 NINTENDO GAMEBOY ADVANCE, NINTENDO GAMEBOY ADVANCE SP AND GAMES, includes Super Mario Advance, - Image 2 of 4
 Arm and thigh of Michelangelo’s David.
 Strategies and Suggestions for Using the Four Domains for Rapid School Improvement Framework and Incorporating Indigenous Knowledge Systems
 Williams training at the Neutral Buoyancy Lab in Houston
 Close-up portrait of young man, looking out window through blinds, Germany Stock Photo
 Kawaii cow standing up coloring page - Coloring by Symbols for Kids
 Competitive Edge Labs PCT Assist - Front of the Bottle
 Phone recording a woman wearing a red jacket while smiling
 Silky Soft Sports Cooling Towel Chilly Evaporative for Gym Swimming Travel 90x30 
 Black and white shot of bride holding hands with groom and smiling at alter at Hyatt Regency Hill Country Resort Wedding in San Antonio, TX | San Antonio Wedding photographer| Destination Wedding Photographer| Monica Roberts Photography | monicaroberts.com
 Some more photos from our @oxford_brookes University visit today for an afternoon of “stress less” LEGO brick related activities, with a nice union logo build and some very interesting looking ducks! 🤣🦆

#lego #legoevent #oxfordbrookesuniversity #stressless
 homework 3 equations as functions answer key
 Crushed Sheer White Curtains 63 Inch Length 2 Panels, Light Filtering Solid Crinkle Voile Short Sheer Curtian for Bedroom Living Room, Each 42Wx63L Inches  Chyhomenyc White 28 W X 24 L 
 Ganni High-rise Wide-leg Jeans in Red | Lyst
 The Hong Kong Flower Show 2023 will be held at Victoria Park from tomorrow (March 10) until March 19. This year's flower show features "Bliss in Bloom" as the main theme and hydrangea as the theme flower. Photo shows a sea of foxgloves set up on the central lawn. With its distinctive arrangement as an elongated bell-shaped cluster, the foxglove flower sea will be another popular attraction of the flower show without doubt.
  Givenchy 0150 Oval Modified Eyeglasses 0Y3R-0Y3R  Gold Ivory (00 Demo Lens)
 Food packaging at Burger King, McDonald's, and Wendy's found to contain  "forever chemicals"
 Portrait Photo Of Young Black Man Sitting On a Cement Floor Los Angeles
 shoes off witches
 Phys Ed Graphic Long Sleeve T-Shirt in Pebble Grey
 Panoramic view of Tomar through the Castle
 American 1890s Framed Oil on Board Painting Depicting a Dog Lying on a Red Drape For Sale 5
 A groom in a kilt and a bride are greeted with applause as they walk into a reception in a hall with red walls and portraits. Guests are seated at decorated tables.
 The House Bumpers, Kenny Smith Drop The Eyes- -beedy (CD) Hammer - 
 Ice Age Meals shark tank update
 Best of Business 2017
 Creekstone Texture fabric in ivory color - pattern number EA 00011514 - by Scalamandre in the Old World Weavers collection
====================
Copy out each line of the listing that holds the string "bride".

### Result for this exercise
 Black and white shot of bride holding hands with groom and smiling at alter at Hyatt Regency Hill Country Resort Wedding in San Antonio, TX | San Antonio Wedding photographer| Destination Wedding Photographer| Monica Roberts Photography | monicaroberts.com
 A groom in a kilt and a bride are greeted with applause as they walk into a reception in a hall with red walls and portraits. Guests are seated at decorated tables.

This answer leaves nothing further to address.